→ Required work:
Leave the pictures out, and transcribe the material below exactly from the line with "Adidas Sporty Mini Shorts" to the line with "A trendy woman's", both lines included.

→ Data:

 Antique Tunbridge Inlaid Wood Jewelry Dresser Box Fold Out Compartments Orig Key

==

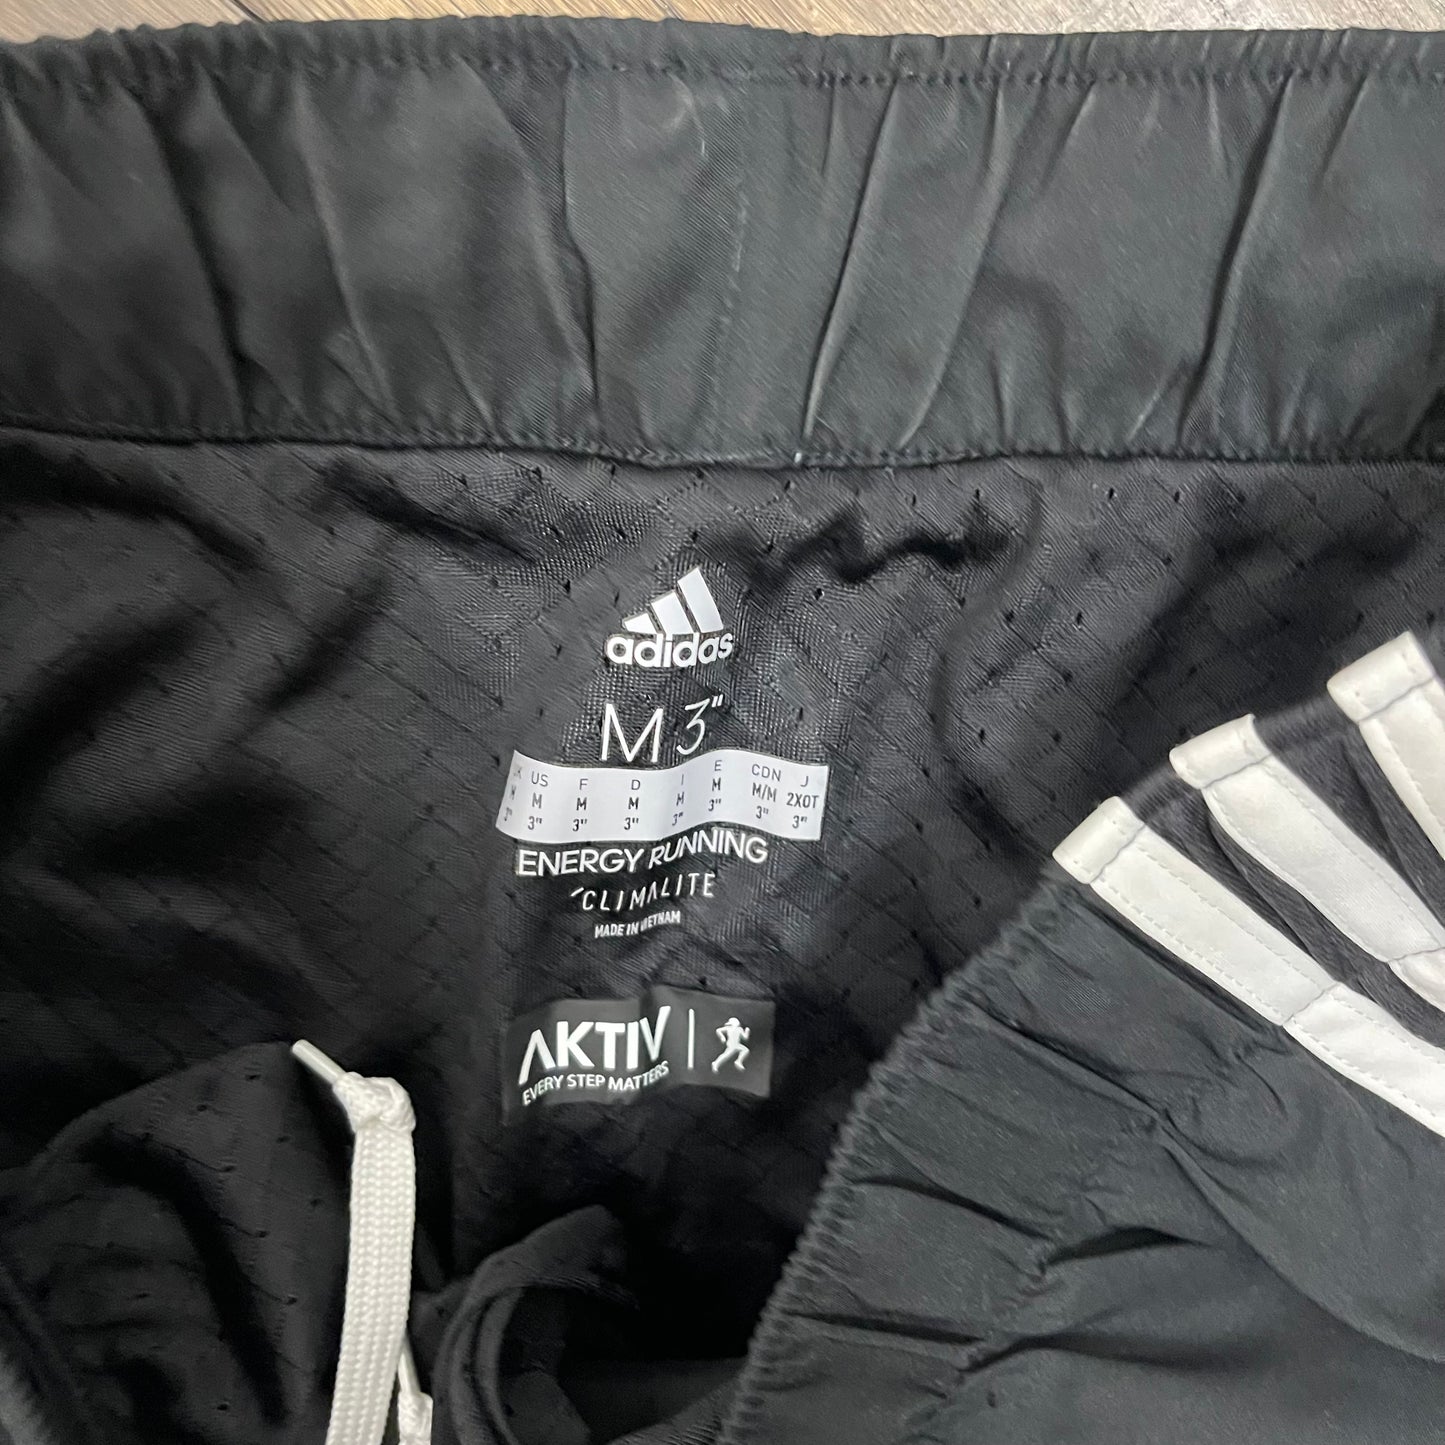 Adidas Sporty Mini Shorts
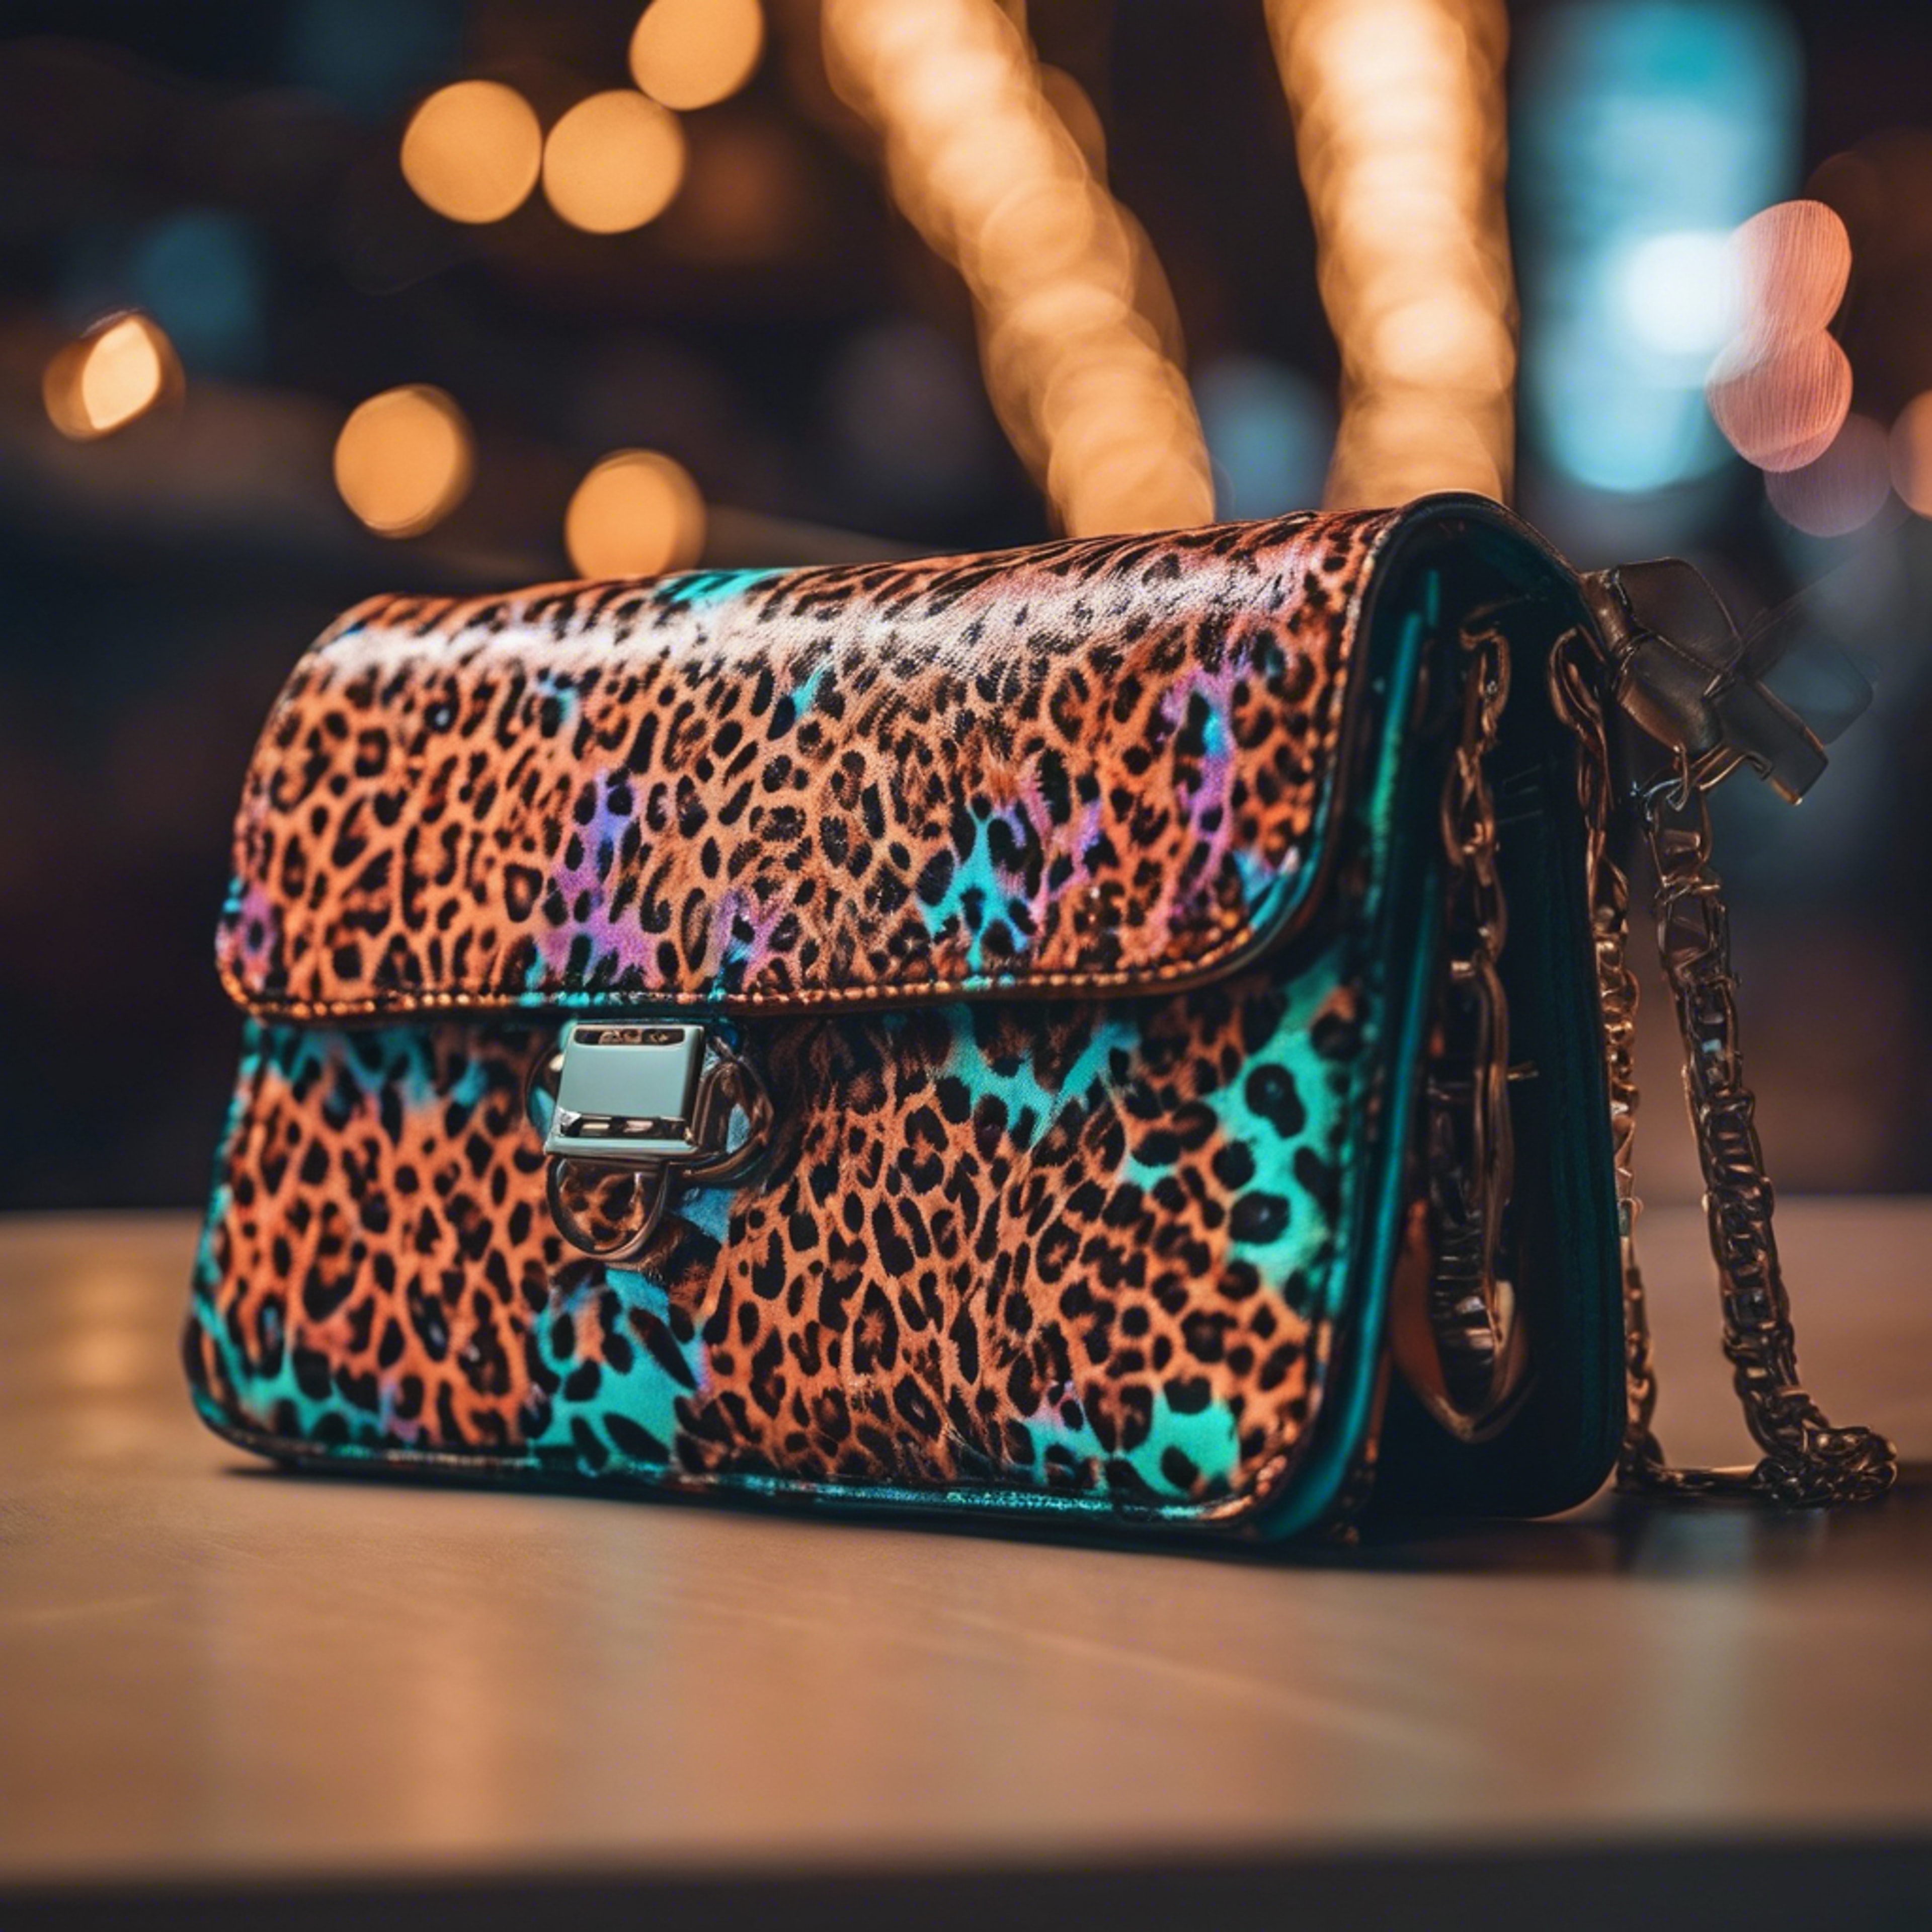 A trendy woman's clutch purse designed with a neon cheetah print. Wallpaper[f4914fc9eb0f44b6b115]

→ Answer below:
 Adidas Sporty Mini Shorts
 A trendy woman's clutch purse designed with a neon cheetah print. Wallpaper[f4914fc9eb0f44b6b115]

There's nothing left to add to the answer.